How I Came to Own a Bath Robe That Belonged to Muhammad Ali

A show of thanks and kindness passed from the boxer to my grandfather, then down to me

A blue robe given to the writer by Muhammad Ali, atop a scene from one of the boxer's fights

Muhammad Ali gave my grandfather a robe.

By Eric Twardzik

In 2017 I visited my grandparents’ Sarasota condo for the first time since my grandfather’s passing the year before. My grandmother — always referred to as “Mam Mam,” which I think is Welsh — was anxious to pass on the clothing that had belonged to my “Dziadze,” which is the torturously spelled Polish word for grandfather. 

Mixed among the many sizes-too-big-for-me Allen Edmonds and company windbreakers in his closet was an enormous, blue terry-and-velour bath robe embroidered with the name of the Golden Nugget casino on the left side of the chest. Naturally, it was the one thing I took.

Several days later, my dad called. He’d just spoken with my Mam Mam, who’d called to say what she’d forgotten at the time of our visit but now remembered: the robe had originally belonged to Muhammad Ali.

The story, as recounted to me, was that Ali had been in Atlantic City to see a fight. To guard his privacy, the retired fighter stayed at my grandparents’ two-bedroom condo on the 24th floor of the Ocean Club, which was otherwise unoccupied for the evening. As a show of thanks, he left behind a signed portrait book and his bath robe.

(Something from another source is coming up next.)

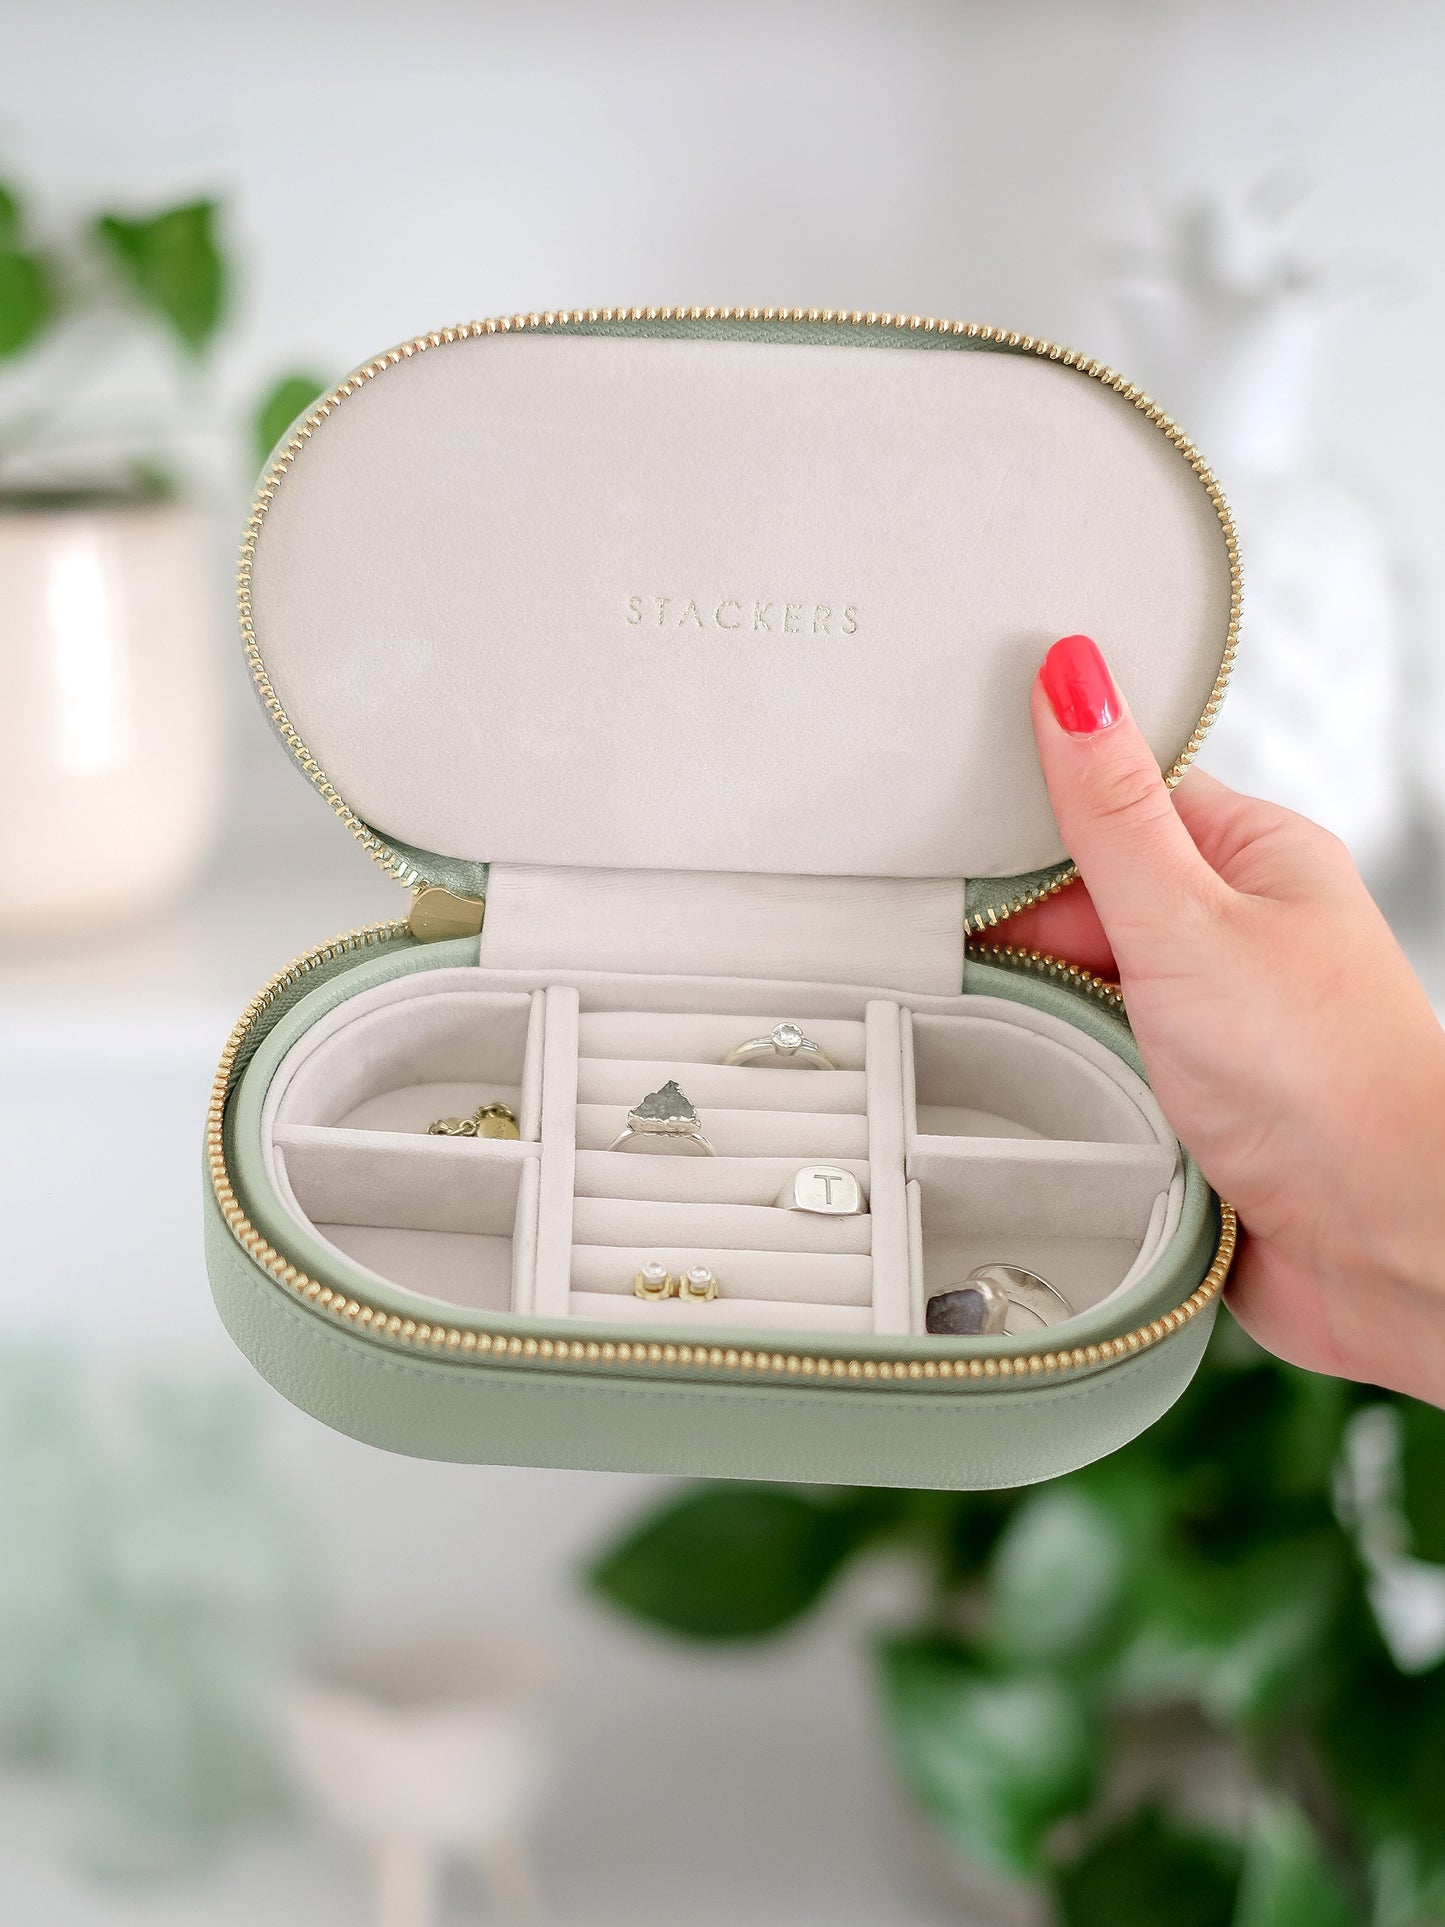 00017222 - Stackers oval zipped travel jewellery box - Sage Green.

It was, for certain, an improbable sounding story with the structure of a fairy tale: an old couple gives shelter to a traveling stranger, who repays their kindness with unexpected gifts. But I knew there were family connections to the boxer. My Dziadze had known Ali’s business manager and all-around “facilitator” Gene Kilroy from a young age, having grown up in the same small Pennsylvania county. And I’d seen a photo dated to 1972 that showed Ali at his Deer Lake training camp flanked by my grandparents, my school-aged father and his two brothers.

In sum, there seemed to be enough circumstantial evidence to hang the robe from a place of honor behind my bathroom door, displayed like a terry-velour reliquary that connected myself and my family — however tenuously — to The Greatest. Still, I sometimes had doubts. 

I didn’t believe that the story was fabricated, but I feared that with time, some of its details might have been misremembered. It seemed possible that Ali had indeed stayed over and left an autographed book behind, but that the robe — an admittedly weird memento — belonged solely to my Dziadze all along and had been lumped in with Ali’s gifts in the retelling. 

In September my Mam Mam’s health declined sharply just weeks before her 90th birthday, and I returned to Pennsylvania to say goodbye. Sitting in her room at the assisted living facility, I asked her to tell the story one more time: perhaps there was some new nugget of information that could verify the robe’s origins once and for all. But on this account, I was too late: she had forgotten the episode entirely. 

Ali, surrounded by the writer’s family in 1972
Twardzik

However, I learned that Gene Kilroy was still living. In the story’s telling, it had been Kilroy who had arranged Ali’s stay at the condo. If anyone could put the matter to rest, it was him. 

After a cold email and an introduction from a family contact, I got on the phone with Kilroy. I recounted the story exactly as it had been told to me and expressed my eagerness to verify the robe’s original ownership.

“Well why would she lie to you?” he chided me, after confirming the story’s details. He added that he and Ali had wanted to avoid the public attention of a hotel stay and that it was my Dziadze who had extended the invitation. Kilroy was unsure of the exact date but believed it had been during the ‘80s.

Six days later my Mam Mam died, having just made 90. In the days after, my uncle located the signed books: as it turned out, there were two of them. In Ali’s first attempt at inscribing his portrait, his Parkinson’s had resulted in several crossed-out words. His inscription in the second book is much clearer, a simple “To Teddy, thank you,” followed by his signature and a date: January 22nd, 1988 — the night Mike Tyson fought Larry Holmes at the Trump Plaza.

Though I have to strain to decipher the fighter’s unsteady script in his original inscription, I much prefer it: “To all the Twardziks: Kindness to others is the only rent we pay for room on earth.”

To know your grandparents is a great blessing. But it comes coupled to the peculiar sadness of realizing you know only the final, sunset years, with a whole lifetime of experiences — like one of the greatest athletes of the 20th century crashing at your condo — submerged from view, like the greater part of an iceberg.

However, certain artifacts can provide a glimpse into all the living that came before. One hangs now from a peg on my bathroom door, and it even warms my own shoulders once in a while.